**Directions for this task:** Faithfully repeat all of the records, as they are written below.

Excerpts from a dataset

=== Section Start ===

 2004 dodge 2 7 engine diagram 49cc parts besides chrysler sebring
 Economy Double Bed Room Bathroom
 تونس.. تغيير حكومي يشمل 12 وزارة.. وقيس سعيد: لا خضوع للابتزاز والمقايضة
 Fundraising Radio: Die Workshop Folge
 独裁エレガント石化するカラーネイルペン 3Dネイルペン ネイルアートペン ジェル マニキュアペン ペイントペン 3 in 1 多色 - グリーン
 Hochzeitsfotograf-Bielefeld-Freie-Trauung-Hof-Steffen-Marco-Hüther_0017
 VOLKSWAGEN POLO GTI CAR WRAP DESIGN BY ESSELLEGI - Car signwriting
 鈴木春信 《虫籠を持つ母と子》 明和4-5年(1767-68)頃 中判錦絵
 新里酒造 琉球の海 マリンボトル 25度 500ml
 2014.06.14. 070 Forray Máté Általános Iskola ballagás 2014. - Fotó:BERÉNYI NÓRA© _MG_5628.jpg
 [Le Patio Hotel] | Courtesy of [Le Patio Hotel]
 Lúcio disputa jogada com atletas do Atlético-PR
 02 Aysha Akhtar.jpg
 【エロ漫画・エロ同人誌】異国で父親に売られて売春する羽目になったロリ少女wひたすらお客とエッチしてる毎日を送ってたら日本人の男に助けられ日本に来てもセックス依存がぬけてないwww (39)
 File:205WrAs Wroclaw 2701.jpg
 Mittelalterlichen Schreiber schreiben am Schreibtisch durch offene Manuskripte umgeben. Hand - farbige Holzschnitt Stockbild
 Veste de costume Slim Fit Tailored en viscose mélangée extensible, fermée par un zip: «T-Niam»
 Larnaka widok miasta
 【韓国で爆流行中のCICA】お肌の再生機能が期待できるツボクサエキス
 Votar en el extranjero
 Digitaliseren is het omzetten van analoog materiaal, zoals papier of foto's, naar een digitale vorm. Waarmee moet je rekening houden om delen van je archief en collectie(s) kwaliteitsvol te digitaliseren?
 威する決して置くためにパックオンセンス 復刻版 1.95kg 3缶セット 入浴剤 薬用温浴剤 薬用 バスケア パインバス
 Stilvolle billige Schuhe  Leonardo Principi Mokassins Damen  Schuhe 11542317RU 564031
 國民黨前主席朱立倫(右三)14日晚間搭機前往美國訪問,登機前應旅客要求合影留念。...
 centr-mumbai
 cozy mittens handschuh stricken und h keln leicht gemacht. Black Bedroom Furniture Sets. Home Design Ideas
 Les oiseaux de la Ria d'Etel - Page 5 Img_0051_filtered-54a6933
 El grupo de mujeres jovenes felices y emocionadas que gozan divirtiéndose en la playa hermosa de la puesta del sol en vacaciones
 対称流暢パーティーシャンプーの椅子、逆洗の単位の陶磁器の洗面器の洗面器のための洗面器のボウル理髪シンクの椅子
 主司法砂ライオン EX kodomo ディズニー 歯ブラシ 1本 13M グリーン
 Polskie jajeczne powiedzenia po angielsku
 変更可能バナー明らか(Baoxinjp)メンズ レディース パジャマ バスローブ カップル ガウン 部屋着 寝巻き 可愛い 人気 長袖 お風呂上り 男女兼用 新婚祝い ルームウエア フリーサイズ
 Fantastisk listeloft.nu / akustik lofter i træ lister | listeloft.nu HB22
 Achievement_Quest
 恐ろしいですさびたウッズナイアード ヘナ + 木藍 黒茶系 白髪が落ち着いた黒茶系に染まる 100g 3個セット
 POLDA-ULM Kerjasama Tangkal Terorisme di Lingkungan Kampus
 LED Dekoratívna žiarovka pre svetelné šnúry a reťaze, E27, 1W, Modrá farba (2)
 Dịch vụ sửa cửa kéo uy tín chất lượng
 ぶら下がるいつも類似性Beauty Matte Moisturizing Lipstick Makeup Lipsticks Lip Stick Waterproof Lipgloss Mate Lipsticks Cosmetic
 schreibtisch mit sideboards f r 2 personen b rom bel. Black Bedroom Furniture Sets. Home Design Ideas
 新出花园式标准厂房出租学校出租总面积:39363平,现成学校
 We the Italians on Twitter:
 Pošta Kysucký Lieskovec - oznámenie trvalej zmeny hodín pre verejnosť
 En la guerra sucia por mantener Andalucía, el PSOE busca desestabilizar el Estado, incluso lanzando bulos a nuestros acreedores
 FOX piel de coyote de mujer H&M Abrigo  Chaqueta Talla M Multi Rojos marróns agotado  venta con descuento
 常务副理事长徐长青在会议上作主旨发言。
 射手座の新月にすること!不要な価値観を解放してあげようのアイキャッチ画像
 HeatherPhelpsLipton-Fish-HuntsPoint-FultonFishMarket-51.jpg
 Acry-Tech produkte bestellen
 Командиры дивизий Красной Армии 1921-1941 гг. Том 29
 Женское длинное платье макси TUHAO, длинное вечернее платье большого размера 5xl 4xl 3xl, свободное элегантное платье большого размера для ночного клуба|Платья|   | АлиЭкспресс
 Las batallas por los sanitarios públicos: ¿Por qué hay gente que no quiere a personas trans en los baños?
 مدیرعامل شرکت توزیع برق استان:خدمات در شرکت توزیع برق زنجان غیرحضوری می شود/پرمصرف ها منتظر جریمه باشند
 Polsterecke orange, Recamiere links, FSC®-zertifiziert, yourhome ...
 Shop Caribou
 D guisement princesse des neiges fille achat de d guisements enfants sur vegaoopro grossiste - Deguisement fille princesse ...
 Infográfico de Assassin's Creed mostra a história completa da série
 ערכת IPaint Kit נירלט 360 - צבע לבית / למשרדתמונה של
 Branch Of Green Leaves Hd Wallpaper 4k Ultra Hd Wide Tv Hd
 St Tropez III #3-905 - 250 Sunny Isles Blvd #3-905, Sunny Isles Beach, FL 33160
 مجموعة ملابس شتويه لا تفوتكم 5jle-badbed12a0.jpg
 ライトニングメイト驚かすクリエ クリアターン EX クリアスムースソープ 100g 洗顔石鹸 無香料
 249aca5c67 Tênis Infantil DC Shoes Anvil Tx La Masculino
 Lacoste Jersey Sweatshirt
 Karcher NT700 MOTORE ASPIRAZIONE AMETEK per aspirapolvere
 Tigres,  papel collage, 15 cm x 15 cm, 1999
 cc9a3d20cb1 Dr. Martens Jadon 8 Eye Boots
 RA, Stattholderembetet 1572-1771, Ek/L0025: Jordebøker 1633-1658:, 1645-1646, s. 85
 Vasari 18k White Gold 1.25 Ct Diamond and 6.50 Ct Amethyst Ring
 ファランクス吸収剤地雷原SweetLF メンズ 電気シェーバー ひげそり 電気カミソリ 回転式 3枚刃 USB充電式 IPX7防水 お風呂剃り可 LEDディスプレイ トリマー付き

=== Section End ===

**Task result:**
 2004 dodge 2 7 engine diagram 49cc parts besides chrysler sebring
 Economy Double Bed Room Bathroom
 تونس.. تغيير حكومي يشمل 12 وزارة.. وقيس سعيد: لا خضوع للابتزاز والمقايضة
 Fundraising Radio: Die Workshop Folge
 独裁エレガント石化するカラーネイルペン 3Dネイルペン ネイルアートペン ジェル マニキュアペン ペイントペン 3 in 1 多色 - グリーン
 Hochzeitsfotograf-Bielefeld-Freie-Trauung-Hof-Steffen-Marco-Hüther_0017
 VOLKSWAGEN POLO GTI CAR WRAP DESIGN BY ESSELLEGI - Car signwriting
 鈴木春信 《虫籠を持つ母と子》 明和4-5年(1767-68)頃 中判錦絵
 新里酒造 琉球の海 マリンボトル 25度 500ml
 2014.06.14. 070 Forray Máté Általános Iskola ballagás 2014. - Fotó:BERÉNYI NÓRA© _MG_5628.jpg
 [Le Patio Hotel] | Courtesy of [Le Patio Hotel]
 Lúcio disputa jogada com atletas do Atlético-PR
 02 Aysha Akhtar.jpg
 【エロ漫画・エロ同人誌】異国で父親に売られて売春する羽目になったロリ少女wひたすらお客とエッチしてる毎日を送ってたら日本人の男に助けられ日本に来てもセックス依存がぬけてないwww (39)
 File:205WrAs Wroclaw 2701.jpg
 Mittelalterlichen Schreiber schreiben am Schreibtisch durch offene Manuskripte umgeben. Hand - farbige Holzschnitt Stockbild
 Veste de costume Slim Fit Tailored en viscose mélangée extensible, fermée par un zip: «T-Niam»
 Larnaka widok miasta
 【韓国で爆流行中のCICA】お肌の再生機能が期待できるツボクサエキス
 Votar en el extranjero
 Digitaliseren is het omzetten van analoog materiaal, zoals papier of foto's, naar een digitale vorm. Waarmee moet je rekening houden om delen van je archief en collectie(s) kwaliteitsvol te digitaliseren?
 威する決して置くためにパックオンセンス 復刻版 1.95kg 3缶セット 入浴剤 薬用温浴剤 薬用 バスケア パインバス
 Stilvolle billige Schuhe  Leonardo Principi Mokassins Damen  Schuhe 11542317RU 564031
 國民黨前主席朱立倫(右三)14日晚間搭機前往美國訪問,登機前應旅客要求合影留念。...
 centr-mumbai
 cozy mittens handschuh stricken und h keln leicht gemacht. Black Bedroom Furniture Sets. Home Design Ideas
 Les oiseaux de la Ria d'Etel - Page 5 Img_0051_filtered-54a6933
 El grupo de mujeres jovenes felices y emocionadas que gozan divirtiéndose en la playa hermosa de la puesta del sol en vacaciones
 対称流暢パーティーシャンプーの椅子、逆洗の単位の陶磁器の洗面器の洗面器のための洗面器のボウル理髪シンクの椅子
 主司法砂ライオン EX kodomo ディズニー 歯ブラシ 1本 13M グリーン
 Polskie jajeczne powiedzenia po angielsku
 変更可能バナー明らか(Baoxinjp)メンズ レディース パジャマ バスローブ カップル ガウン 部屋着 寝巻き 可愛い 人気 長袖 お風呂上り 男女兼用 新婚祝い ルームウエア フリーサイズ
 Fantastisk listeloft.nu / akustik lofter i træ lister | listeloft.nu HB22
 Achievement_Quest
 恐ろしいですさびたウッズナイアード ヘナ + 木藍 黒茶系 白髪が落ち着いた黒茶系に染まる 100g 3個セット
 POLDA-ULM Kerjasama Tangkal Terorisme di Lingkungan Kampus
 LED Dekoratívna žiarovka pre svetelné šnúry a reťaze, E27, 1W, Modrá farba (2)
 Dịch vụ sửa cửa kéo uy tín chất lượng
 ぶら下がるいつも類似性Beauty Matte Moisturizing Lipstick Makeup Lipsticks Lip Stick Waterproof Lipgloss Mate Lipsticks Cosmetic
 schreibtisch mit sideboards f r 2 personen b rom bel. Black Bedroom Furniture Sets. Home Design Ideas
 新出花园式标准厂房出租学校出租总面积:39363平,现成学校
 We the Italians on Twitter:
 Pošta Kysucký Lieskovec - oznámenie trvalej zmeny hodín pre verejnosť
 En la guerra sucia por mantener Andalucía, el PSOE busca desestabilizar el Estado, incluso lanzando bulos a nuestros acreedores
 FOX piel de coyote de mujer H&M Abrigo  Chaqueta Talla M Multi Rojos marróns agotado  venta con descuento
 常务副理事长徐长青在会议上作主旨发言。
 射手座の新月にすること!不要な価値観を解放してあげようのアイキャッチ画像
 HeatherPhelpsLipton-Fish-HuntsPoint-FultonFishMarket-51.jpg
 Acry-Tech produkte bestellen
 Командиры дивизий Красной Армии 1921-1941 гг. Том 29
 Женское длинное платье макси TUHAO, длинное вечернее платье большого размера 5xl 4xl 3xl, свободное элегантное платье большого размера для ночного клуба|Платья|   | АлиЭкспресс
 Las batallas por los sanitarios públicos: ¿Por qué hay gente que no quiere a personas trans en los baños?
 مدیرعامل شرکت توزیع برق استان:خدمات در شرکت توزیع برق زنجان غیرحضوری می شود/پرمصرف ها منتظر جریمه باشند
 Polsterecke orange, Recamiere links, FSC®-zertifiziert, yourhome ...
 Shop Caribou
 D guisement princesse des neiges fille achat de d guisements enfants sur vegaoopro grossiste - Deguisement fille princesse ...
 Infográfico de Assassin's Creed mostra a história completa da série
 ערכת IPaint Kit נירלט 360 - צבע לבית / למשרדתמונה של
 Branch Of Green Leaves Hd Wallpaper 4k Ultra Hd Wide Tv Hd
 St Tropez III #3-905 - 250 Sunny Isles Blvd #3-905, Sunny Isles Beach, FL 33160
 مجموعة ملابس شتويه لا تفوتكم 5jle-badbed12a0.jpg
 ライトニングメイト驚かすクリエ クリアターン EX クリアスムースソープ 100g 洗顔石鹸 無香料
 249aca5c67 Tênis Infantil DC Shoes Anvil Tx La Masculino
 Lacoste Jersey Sweatshirt
 Karcher NT700 MOTORE ASPIRAZIONE AMETEK per aspirapolvere
 Tigres,  papel collage, 15 cm x 15 cm, 1999
 cc9a3d20cb1 Dr. Martens Jadon 8 Eye Boots
 RA, Stattholderembetet 1572-1771, Ek/L0025: Jordebøker 1633-1658:, 1645-1646, s. 85
 Vasari 18k White Gold 1.25 Ct Diamond and 6.50 Ct Amethyst Ring
 ファランクス吸収剤地雷原SweetLF メンズ 電気シェーバー ひげそり 電気カミソリ 回転式 3枚刃 USB充電式 IPX7防水 お風呂剃り可 LEDディスプレイ トリマー付き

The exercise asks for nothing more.